Evden gidişine fikren hazırlanmak ve alışmak bir şekilde kolay da olsa, kalışına alışmak zormuş. O oraya giderken anlayamadığını, o orada kalınca anlıyormuşsun. Sanki geçici bir gidiş yanılgısına düşüyormuşsun. Her an "Nasılsa hemen geri gelecek" gibi bir yalancı avuntuyla oyalanıyormuşsun. Eksik kaldığın gerçeğini zamanla fark ediyormuşsun. Bu eksikliğini dolduracak aynı değerde bir şeyi bir türlü bulamadığını fark ettikçe, o yokken yaptıklarının anlamsızlığına şaşıyormuşsun. Ama bu, sonucu değiştirmiyormuş. Mecburen her zamanki gibi yaşamaya devam ediyormuşsun.
Kalbinden sımsıcak, ruhundan özlem dolu duygular ona doğru giderken, kokusu geliyormuş burnuna.
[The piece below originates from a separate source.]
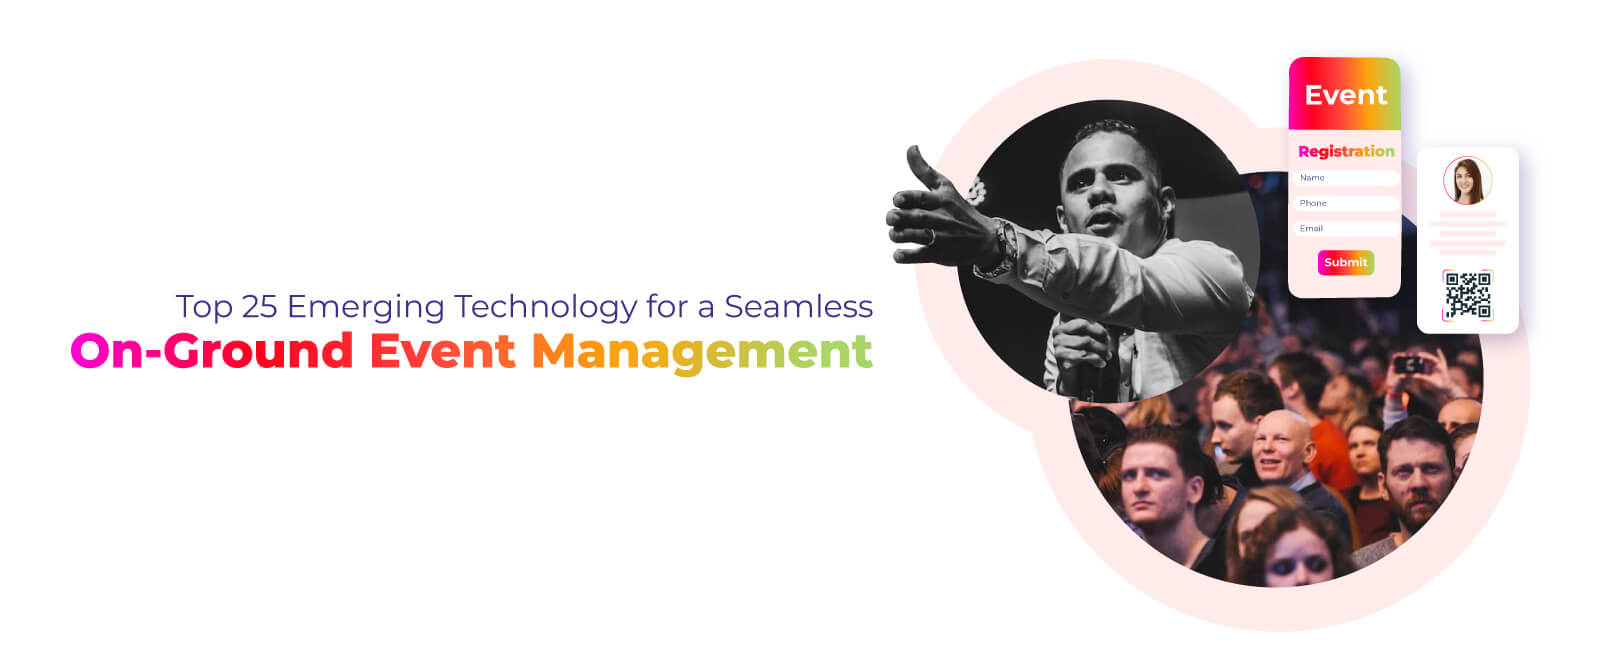 Top 25 Emerging Technology for a Seamless On-Ground Event Management

Aynı anda onun da aynı çaresizlik içinde olmamasını diliyormuşsun. Öte yandan onun da seni özlemesini bekliyormuşsun.
Ne sana muhtaç olmasını, zorluk çekmesini vs istiyormuşşsun, ne de tamamen kendi başını becermesini. Hâlâ senden fikir alan, yardımını isteyen küçük yavrun olarak kalmasını düşlerken, büyüyüp öğrettiklerini güzelce uygulayabilen taze bir yetişkin olmasını da istiyormuşsun.
Büyümesini hem alkışla hem de hüzünle izliyormuşsun. Ama değişen bir şey olmuyormuş, çünkü o da senin gibi/herkes gibi büyüyormuş. Bir zamanlar belki de annenin senin için düşündüklerini şimdi sen düşünüyormuşsun ve anneni bir kez daha ve ne kadar geç anlayabiliyormuşsun. Onun da seni anlayacağı zamanlar için çocuk sahibi olmasını beklemen gerektiğini yineliyormuşsun.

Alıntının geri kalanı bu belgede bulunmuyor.